Cross Posted at Purple Like Polka:
I attended an event in Waco, TX this evening sponsored by the VOID. Peter Rollins (How (Not) to Speak of God and The Fidelity of Betrayal) was there as well. I got an opportunity to speak with him after the event, but I want to share my views on what transpired.
This was the first Emergent event I’ve been to in a long time that I actually enjoyed. Moreover, it showed the absolute importance of having doubts and questions about Christianity. My heart broke that these people had at one point been made to feel ashamed of doubting certain aspects of their faith. I’m glad that the service was geared to expressing these doubts and admitting that we have doubts.
I think we, as Christians, are fearful of our own doubts and especially of other people’s doubts. Doubts open us up to uncertainty; we don’t know the outcome of a doubt. What if the answer to a doubt is more devastating than the doubt itself? Doubt can be a very scary thing.

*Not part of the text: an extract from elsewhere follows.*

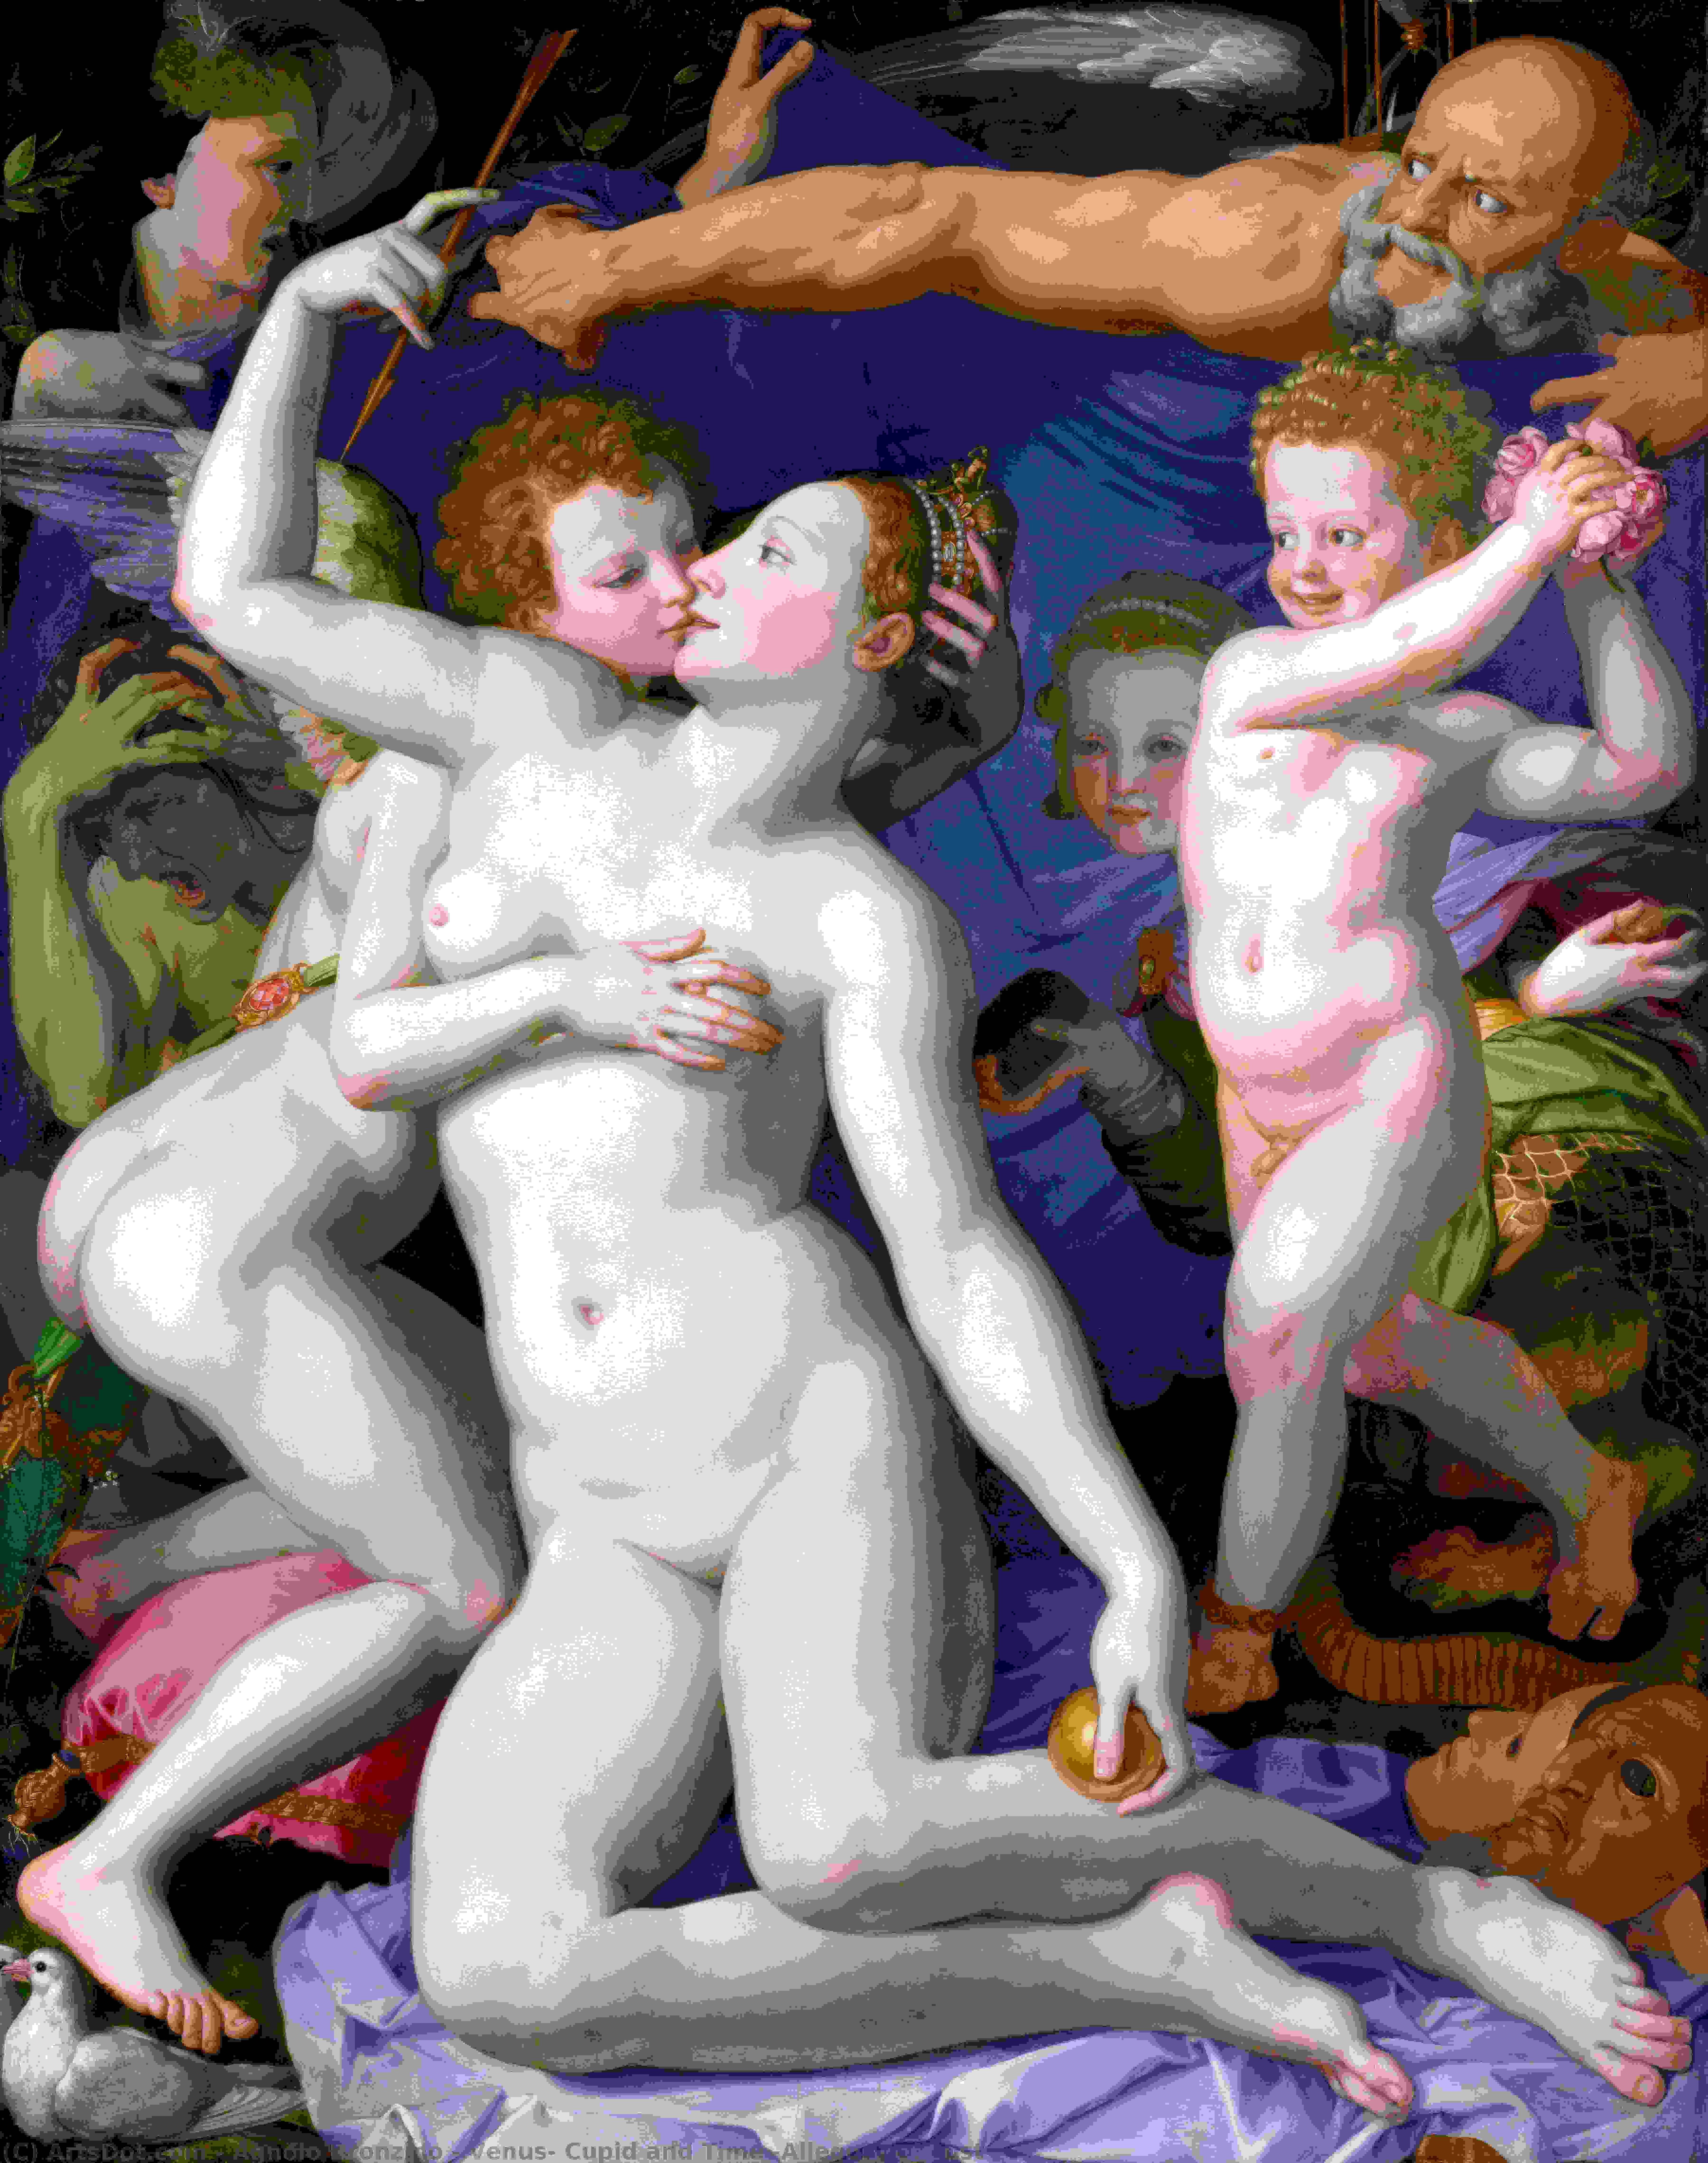 Compre Museu De Reproduções De Arte Vénus, Cupido e Tempo (Alegoria da Lust), 1540 por Agnolo Bronzino (1503-1572, Italy) | ArtsDot.com

Doubt, ultimately, is a good thing if that doubt isn’t cynical. Often times we doubt simply for the sake of doubt – we don’t want to believe something or trust in someone because we don’t want to be let down. Thus, in spite of all the evidence or reasons to abandon our doubt, we cling to it as a security blanket. Doubt, if it is true doubt that honestly questions a certain belief, is always a good thing if an answer is pursued. I think of Francis Schaeffer in True Spirituality, how he prefaces the book stating that he doubted his faith in the 50’s, which led him to explore it and see if it was actually true. True Spirituality was the answer to his doubts.
Another good example is that of (doubting) Thomas. In fact, those in the event used him as an example of someone who doubted. At the introduction, they brought up that maybe Thomas was the greater because he sought to put his fingers in the holes in Jesus’ hands, rather than just sit back. The lesson though is that Thomas had doubt and he sought an answer to that doubt.
However, what worried me is that some may have doubted without trying to find an answer. One thing that sticks out is when someone said, “Questions define my faith, not answers.” Now, I’m not naïve enough to believe that we will find the answer to every question. Sometimes the answer is, “I don’t know” or “it’s just a mystery.” I doubt that I’ll ever find an answer to exactly how God functions as a Trinity; I’m satisfied with mystery. I do, however, plan on finding out if God exists (I have figured that out by the way).
I look to 2 Timothy 3, which warns about people who are always learning or questioning, but never coming to a knowledge of the truth. What is interesting is he says such people come into houses with people who are already captive. That is because doubt, if left unanswered or not dealt with, can make us captive and cold. We become cynical. Doubt is good, it must be brought out, we must admit to having doubt, but we must also find an answer to that doubt.
After the event, I was able to talk to Peter Rollins. To put it shortly, Rollins is one of the nicest people I’ve ever met. What impressed me was his willingness to hear my critiques of his beliefs. He even said that he thinks honesty with each other is important, that it’s okay to fight with each other on stuff as long as we’re friends afterwards. I couldn’t agree more with him.
What I also appreciated was his view of conservative Christians. He said what he likes about conservatives is that they understand Christianity is more than a belief, but also a lifestyle.
Overall, it’s impossible to dislike Rollins after meeting him. He’s an extremely likable guy and if I lived near him he’d certainly be one of my friends. I certainly disagree with his viewpoints and I still find some of his beliefs to be dangerous – some of what he says leads to Nihilism, other parts make me wonder why followers of his teachings should even call themselves Christians. I think his beliefs lead to despair. At the same time, he is a very nice guy and if given the opportunity, I’d certainly hang around him more and discuss my views on his beliefs and vise versa.